Down Low, directed by Rightor Doyle (Bonding), is an ambitious coming-of-age story wrapped in a pseudo morality play wrapped in a screwball comedy. There are reluctant ventures into the dark web, tense encounters with a neighbor, necrophilia and a drug-inspired musical interlude. Doyle confidently directs these escalating and stressful set pieces, demonstrating competence in maneuvering and balancing the tonal demands — from comedy to horror — of the jagged script. In one moment, Gary and Cameron are bonding over a shared sense of abandonment; in the next, they’re committing murder.

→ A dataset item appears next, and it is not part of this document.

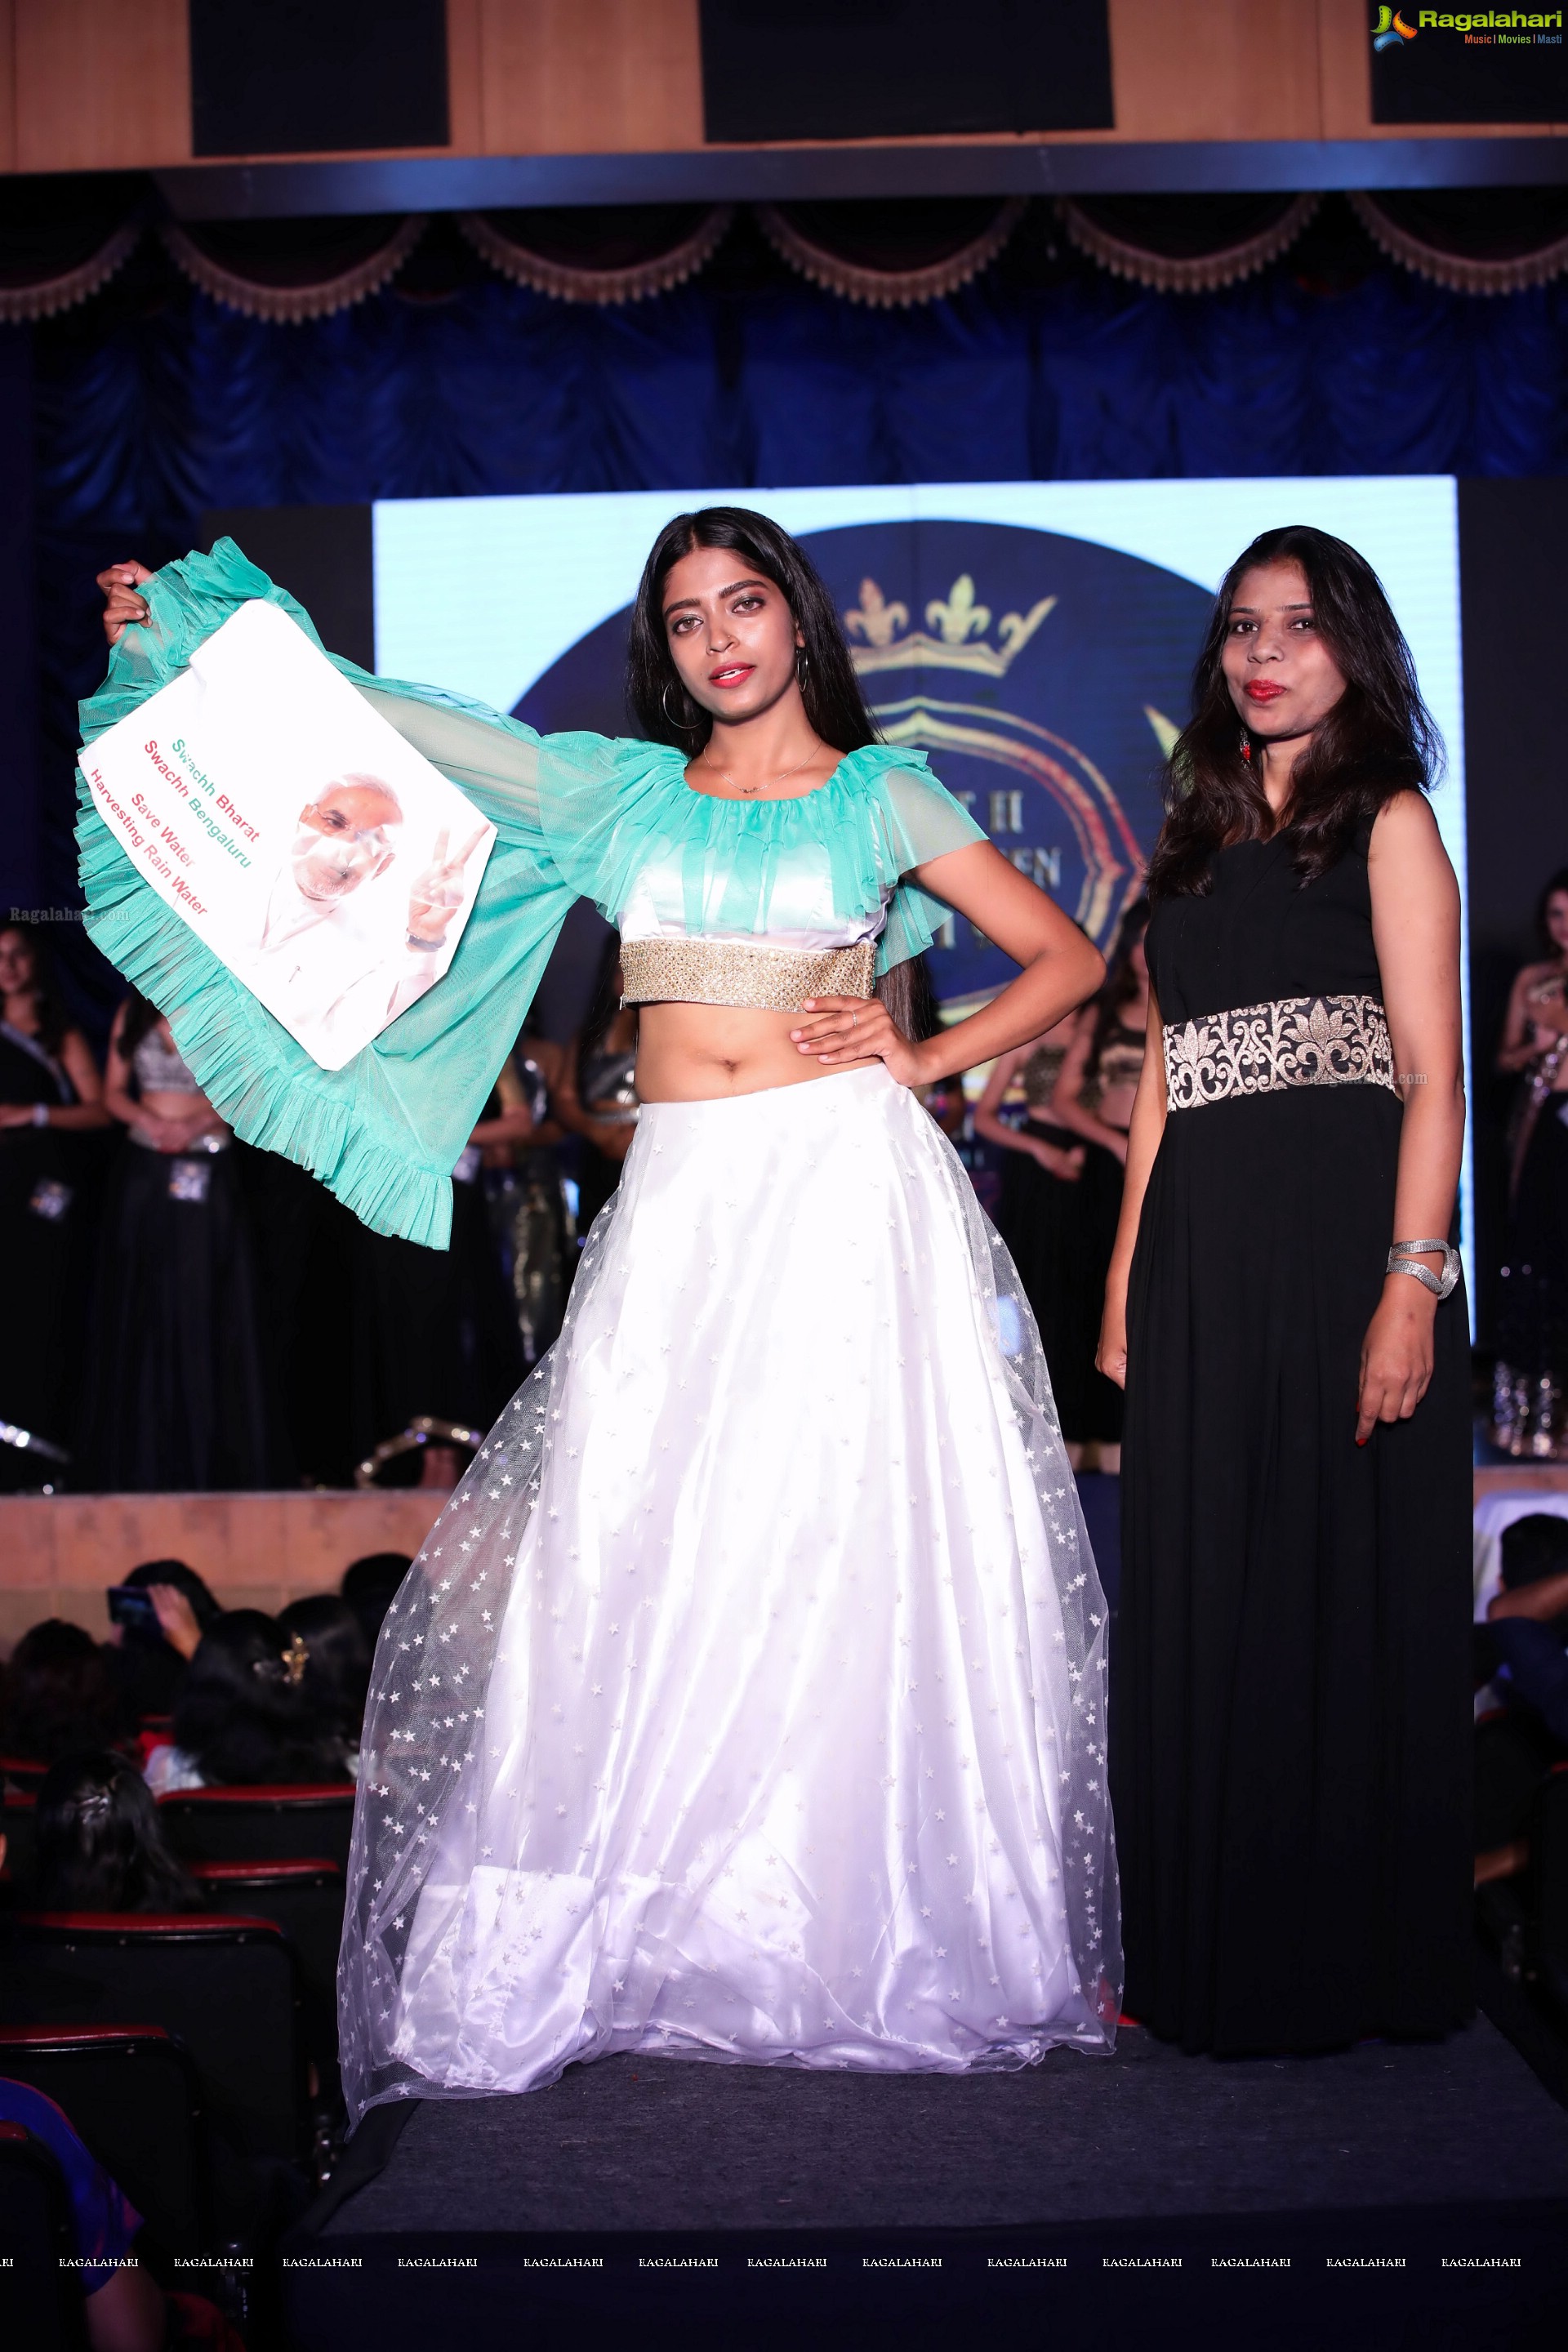 South India Queen 2019 Grand Finale at Bunts Sangha Auditorium, Bangalore

That last bit was an accident. An invitation for sex with a local closeted man, Sammy (Sebastian Arroyo), turns sour when he realizes that Cameron and Gary are a 2-for-1 deal. Racy and aggressive roleplaying morphs into actual fury as the trio start to bicker. Sammy tries to punch Cameron but ends up flying out the window and hitting the concrete instead. The death is shocking. This is only the beginning for Down Low, a film that gets off on how unpredictable it can be.
But rowdy hijinks can only take you so far before you need an anchor. At its core, Down Low is ostensibly about generational differences that inform the coming-out process, repression as a means of achieving an elusive idea of “goodness,” and what fully embracing yourself looks like. Actually tackling these topics — via light touches rather than the ham-fisted lessons this film offers — could have been the saving grace of Down Low, but the screenplay repeatedly undercuts that possibility, and what’s left feels hollow.

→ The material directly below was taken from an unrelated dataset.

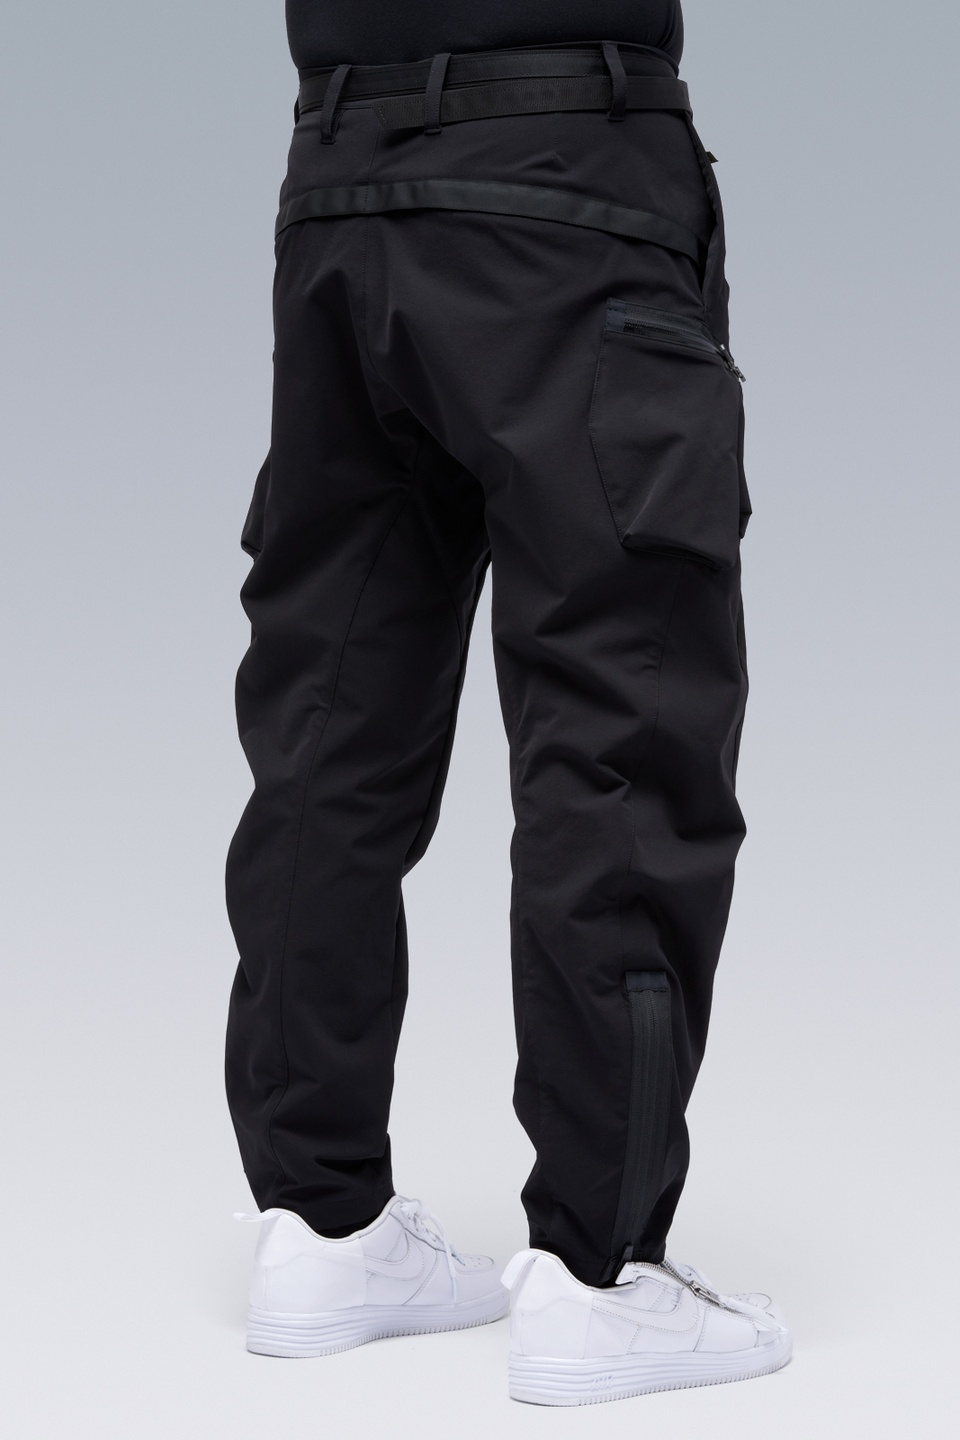 ACRONYM P41-DS schoeller® Dryskin™ Articulated Cargo Trouser Black

Although Quinto softens Gary’s rigidity, using physical comedy to gesture at his deeper internal conflict and complexity, the character feels haphazardly drawn; the script struggles to balance the bombshell revelations of his life with the trauma of his childhood and the passivity of his present. Gary, as written, has at once too much and not enough going on.

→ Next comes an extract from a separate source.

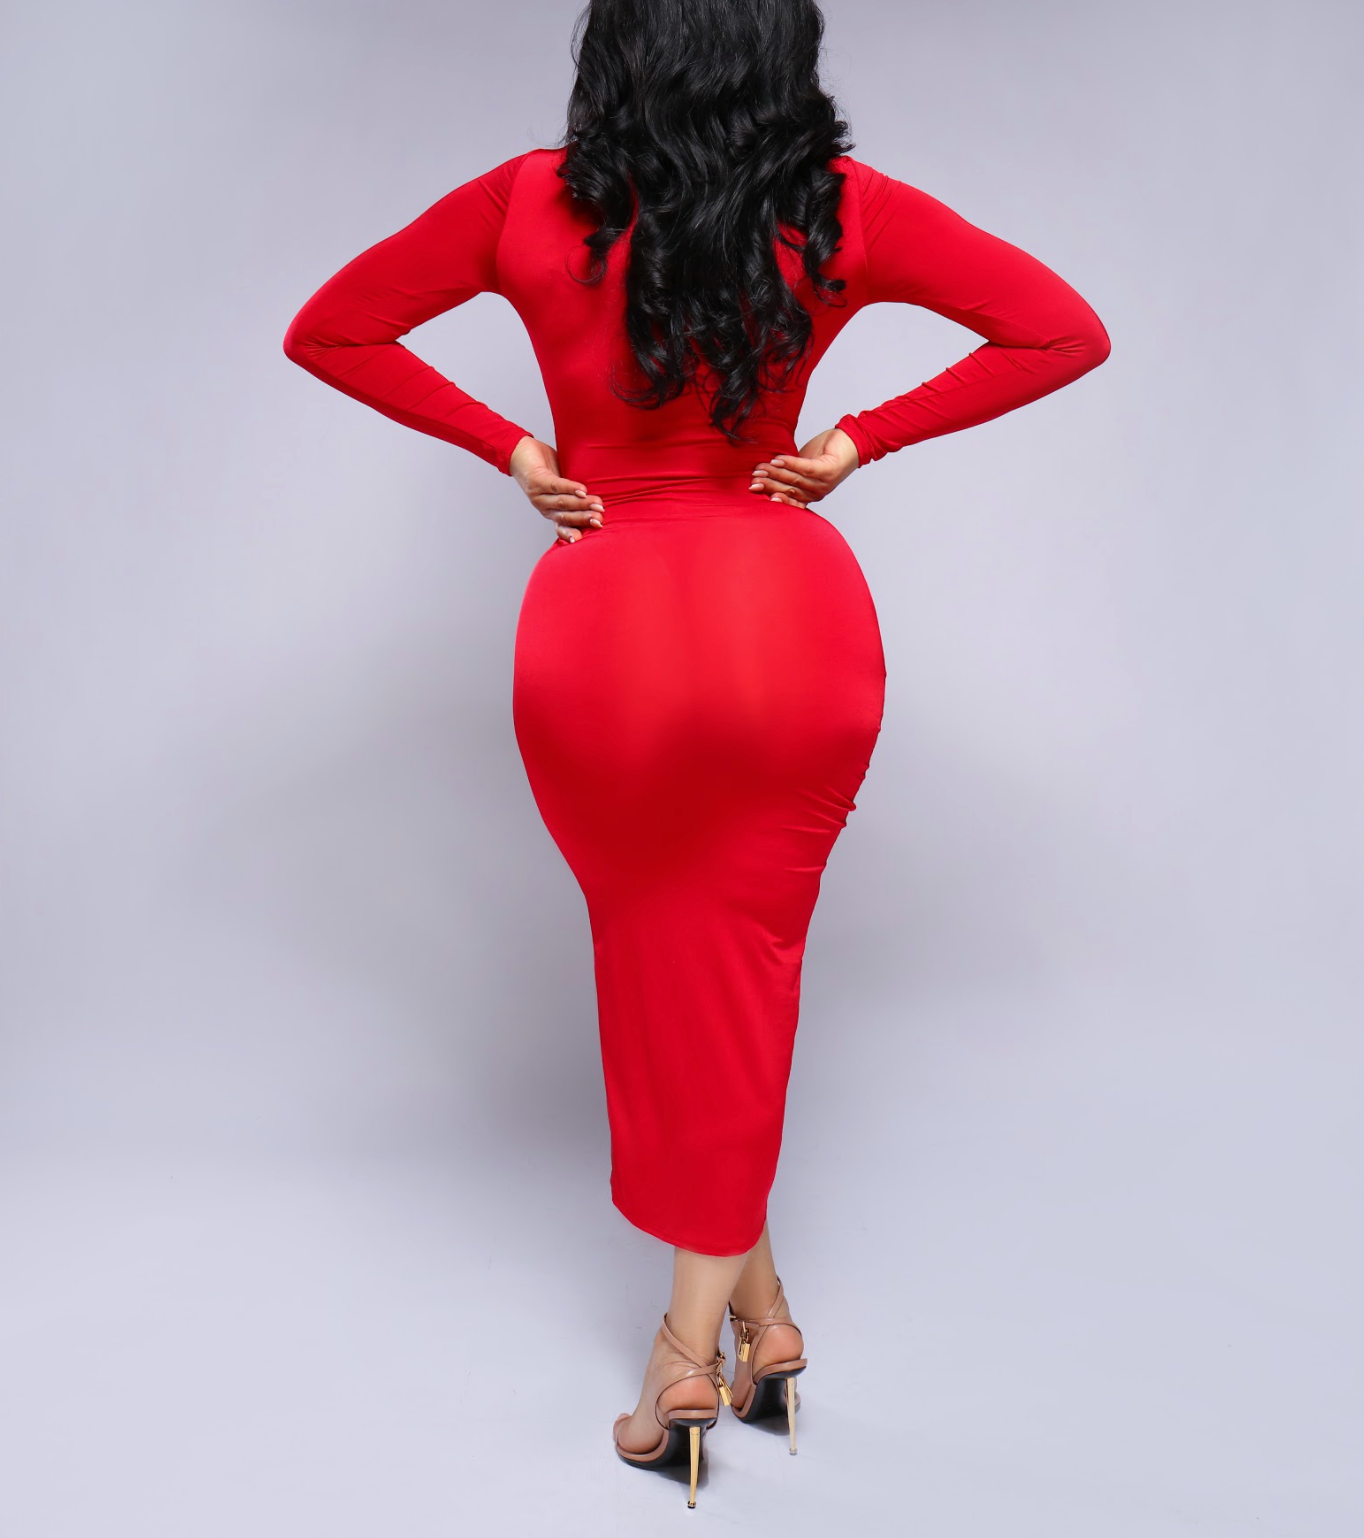 B.Badazz™️ “Lady in Red” Dress

Cameron inspires similar frustrations. At first, he seems a clever parody of an archetypical cis white queer 20something whose entire personality boils down to quippy bits and asides, including a predilection for Gen Z catchphrases (“That’s hot,” “We stan”) and an affect borrowed from Black queer influences. But bitter, wry humor and pop culture anecdotes are ultimately the only thing Cameron has to offer, and as the film plods along, his character reads less as shrewd caricature and more like disheartening reality. That cheapens his later actions, which include a confrontation with Gary’s ex-wife (Audra McDonald).
Bonded by disaster, Cameron and Gary try to figure out what to do with the dead body. Forces — mostly in the form of Gary’s Ambien-addicted neighbor, Sandy (Judith Light) — threaten to unravel their half-baked plans. Seeking solutions, they decide to hire Buck (Simon Rex) to help discard Sammy’s body. (Cameron and Gary don’t expect their sketchy forensic cleaner to smoke crack or be a necrophiliac.)
The wild ride continues, and it becomes clear — if it wasn’t already — that in Down Low, antics are the priority. Similarly to Bottoms, another SXSW entrant, the film pushes against the expectation of queer narratives to follow the same dolorous beats by prioritizing fun and crass humor. But there’s just not enough substance to get us to care about reaching the finish line.